#### [Supplied information]
== Segment start ==

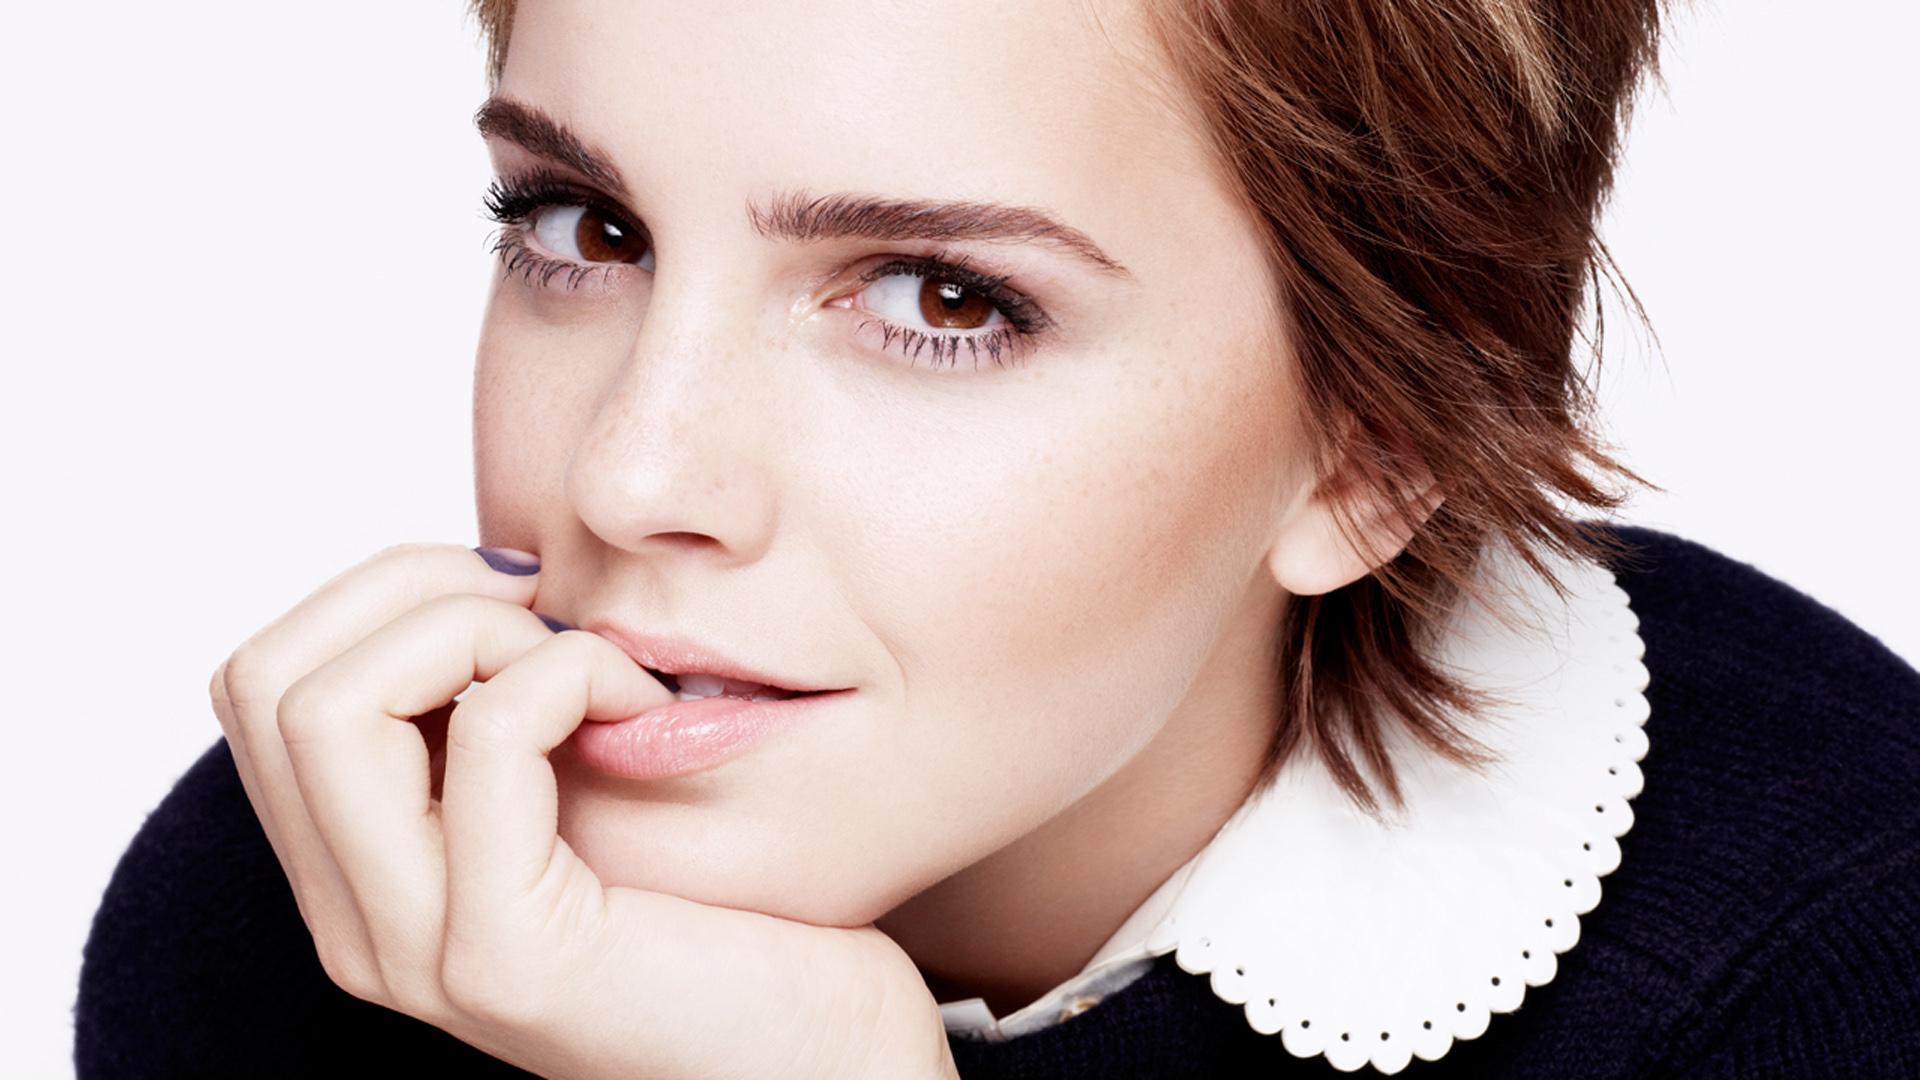 Emma Watson Wallpapers   HD HdCoolWallpapersCom 1920x1080
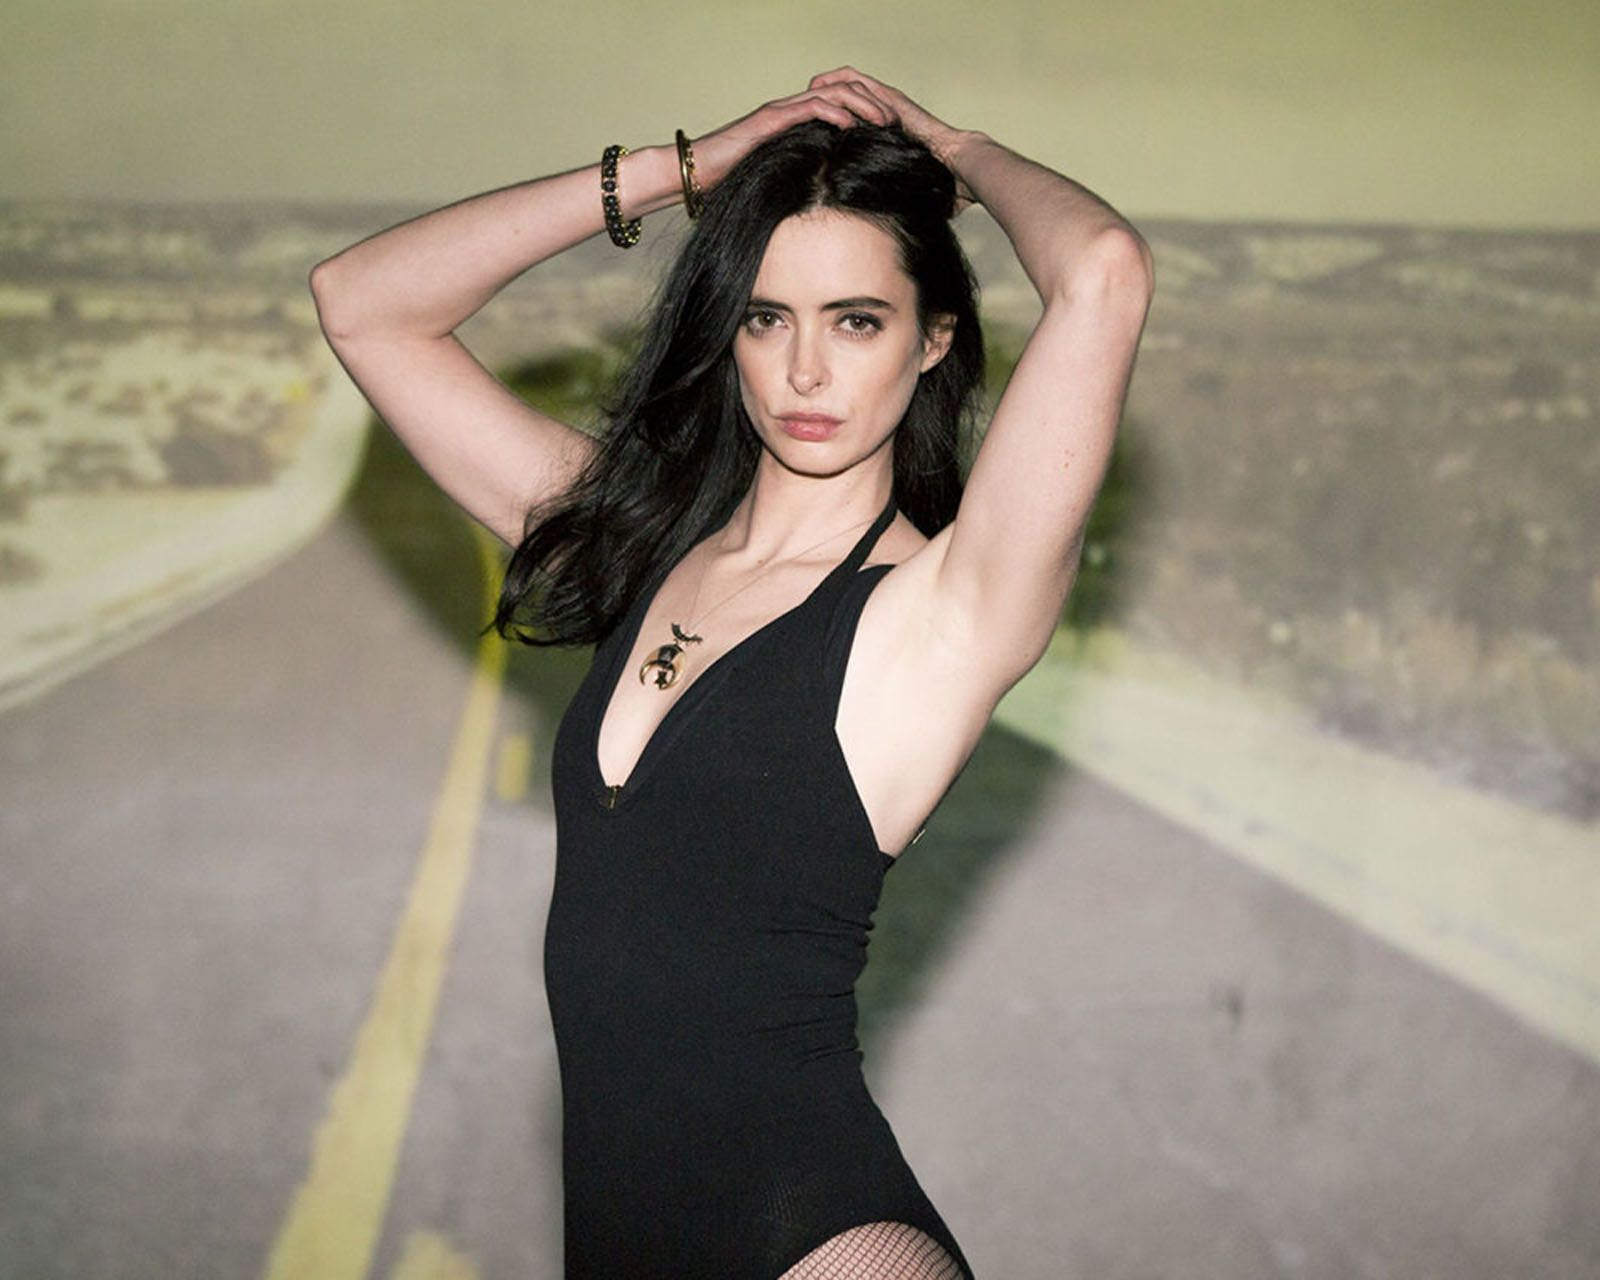 Chloe vevrier nude pics
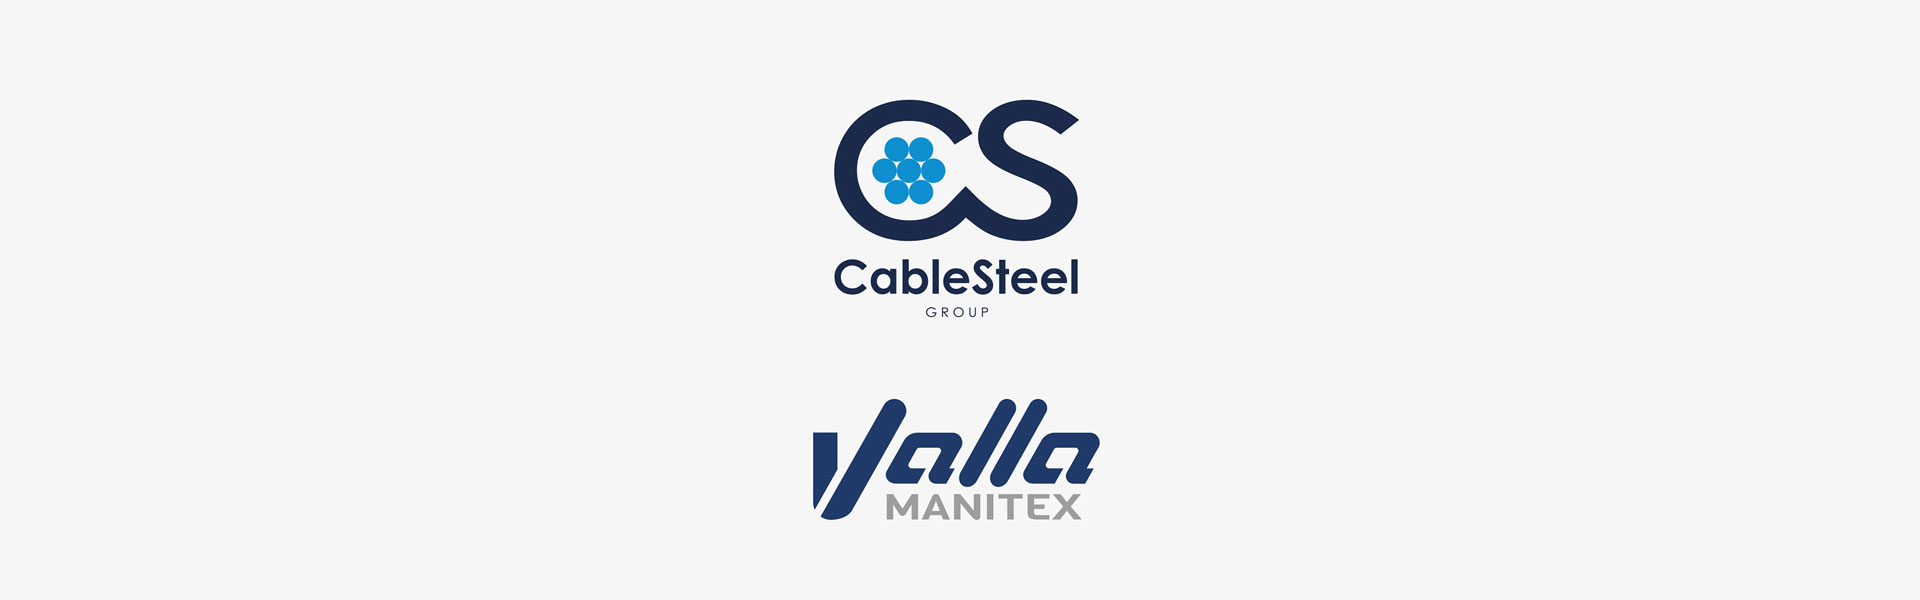 Cablesteel partner di Manitex Valla

== Segment end ==

All of the data above should be quoted exactly, except for the pictures.

#### [Output below]
 Emma Watson Wallpapers   HD HdCoolWallpapersCom 1920x1080
 Chloe vevrier nude pics
 Cablesteel partner di Manitex Valla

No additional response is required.